A. The consummation of the transactions contemplated hereby
(the "Closing") shall occur after Buyer has satisfactorily determined to its
sole satisfaction that the database containing the subscription customers is as
represented in Exhibit "A". The Closing shall take place at the Offices of Buyer
during normal business hours, as reasonably agreed to by Seller and Buyer as of
the 24th day of January, 2001.
B. At the Closing:
(1) Seller shall deliver to Buyer a Xxxx of Sale
listing all Assets purchased;
(2) Seller shall assign all of its rights,
title and interest in, to and under the
existing Lease; and
(3) Seller shall execute and deliver all
documents necessary or appropriate to
assign its interest in each of the domain
names.
C. In addition to the other conditions set forth herein,
Buyer's obligations hereunder are subject to Seller's delivery of all Exhibits,
attached hereto.
5. SELLER'S REPRESENTATIONS. Seller hereby represents and warrants to
Buyer as follows:
A. Seller, as it relates to these Assets, has been operating
in all material respects in accordance with all applicable laws, ordinances,
rules and regulations, and the premises comply in all material respects with all
applicable laws, ordinances, rules and regulations.

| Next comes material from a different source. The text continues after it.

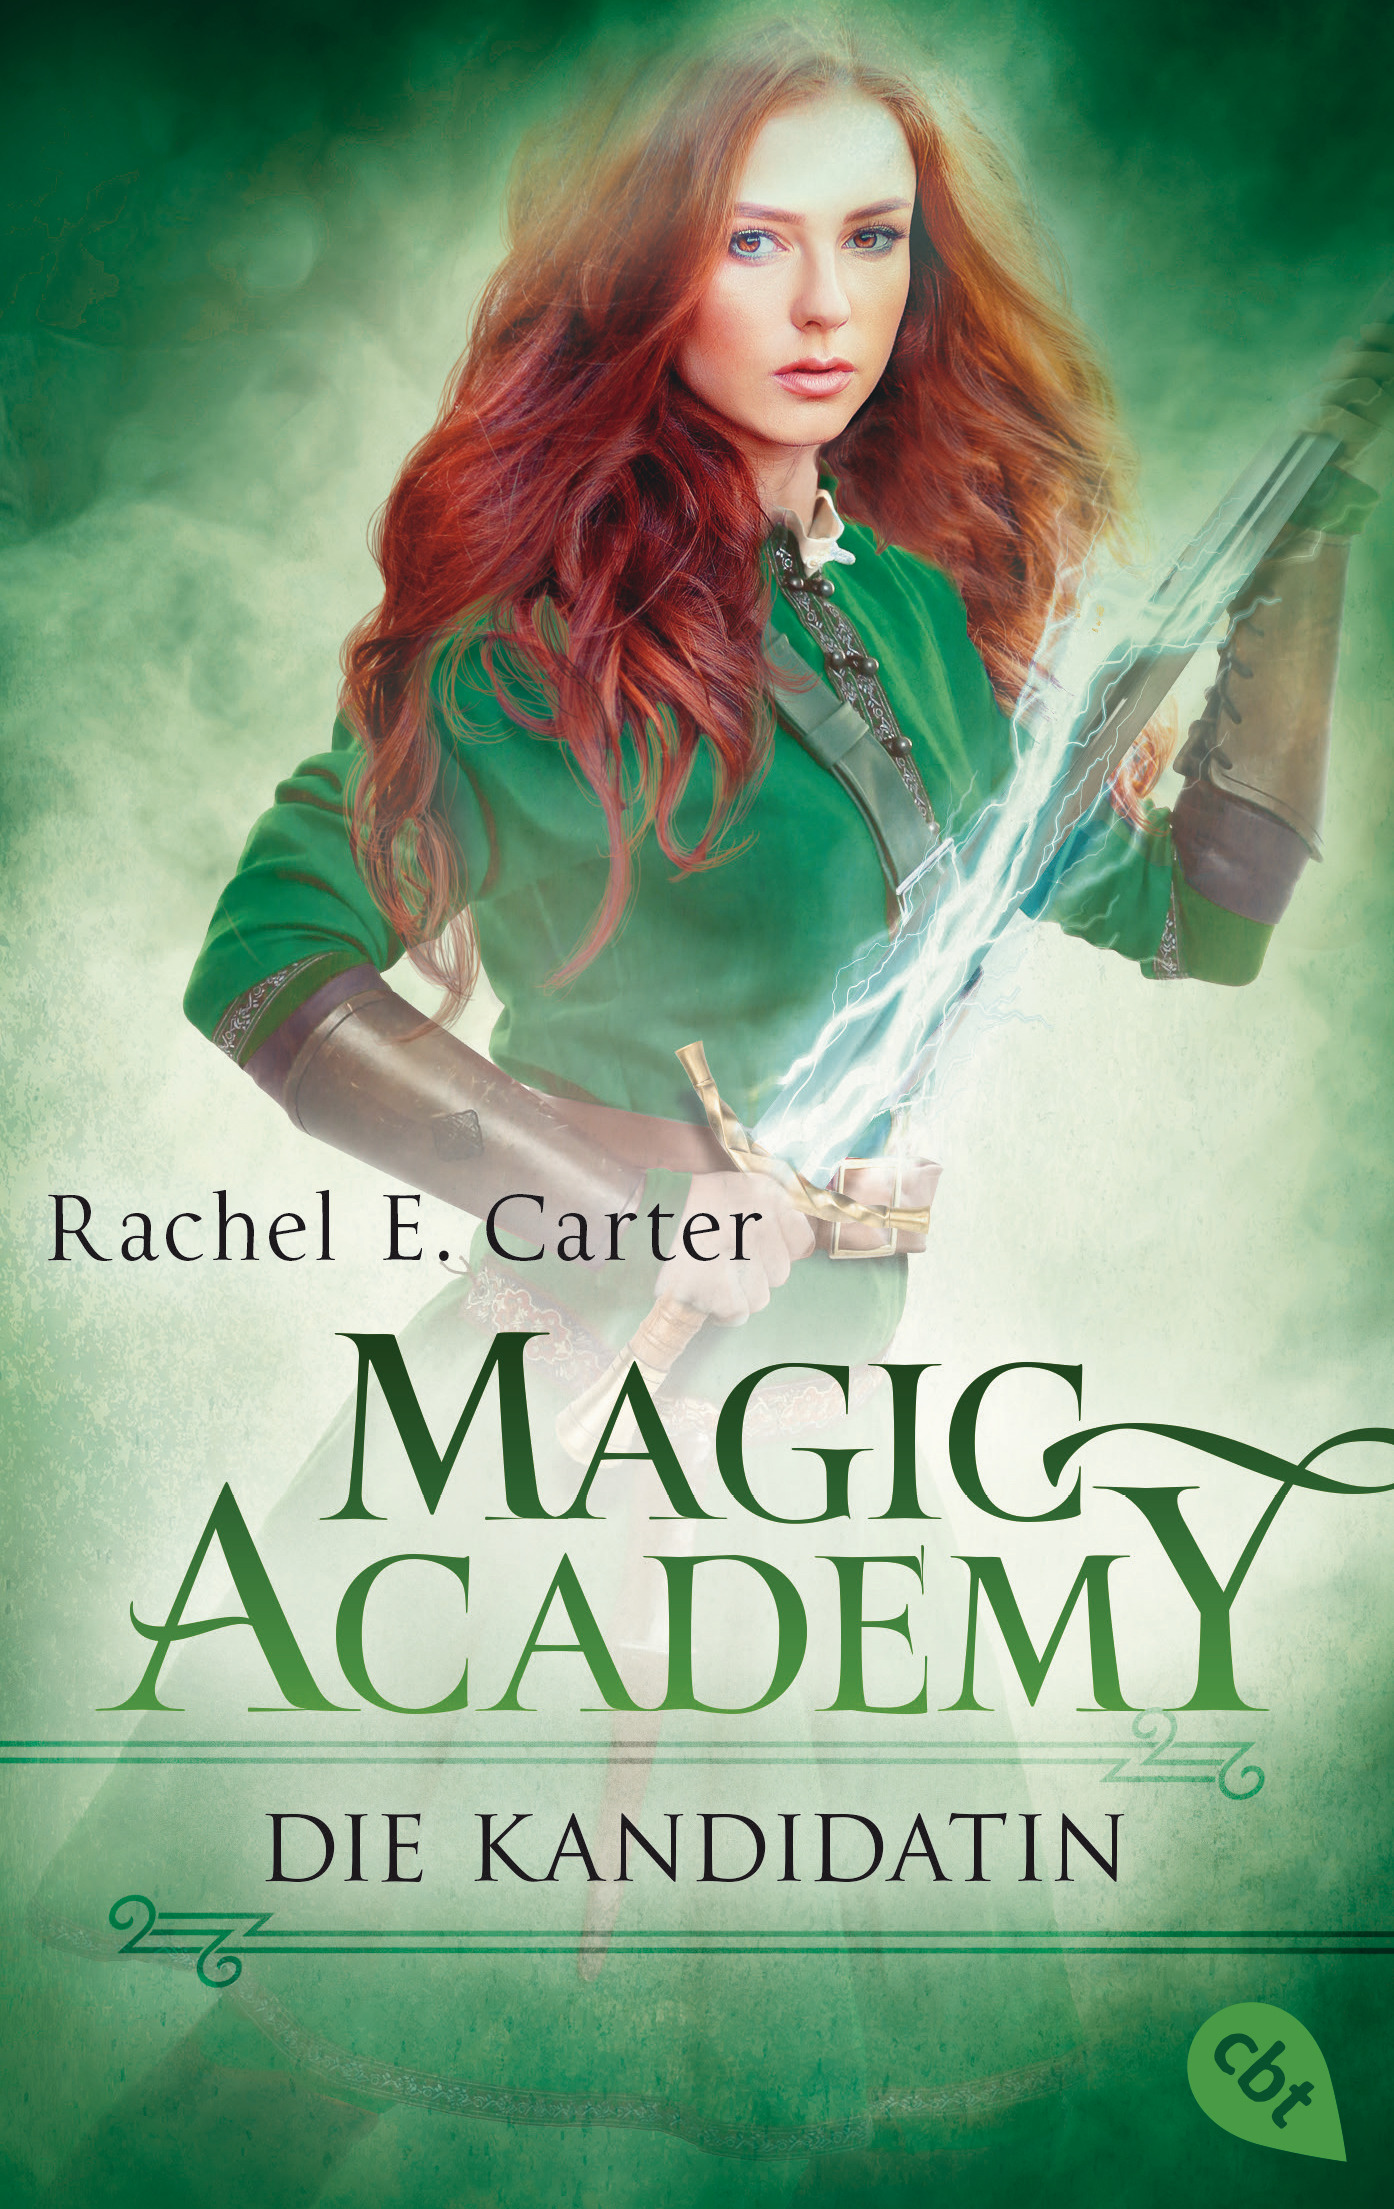 https://www.randomhouse.de/Taschenbuch/Magic-Academy-Die-Kandidatin/Rachel-E-Carter/cbj-Jugendbuecher/e536131.rhd

B. There is no litigation or proceedings, administrative,
civil or otherwise, pending, or to Seller's knowledge threatened, relating to
the Assets, preventing or challenging the execution, delivery or performance of
this Agreement, or which would materially affect the Assets.
C. The Assets are free and clear of all liens, encumbrances,
claims and interests, and Seller has the absolute and unrestricted right to sell
and assign the Assets to Buyer, and the Assets are hereby conveyed to Buyer free
and clear of all liens, encumbrances, claims, and interest, except those set
forth in the one (1) Lease Agreement.
D. Seller guarantees that no tax audits, liens, levies or
assessments are pending or threatened, to the knowledge of the Seller, with
respect to the Assets.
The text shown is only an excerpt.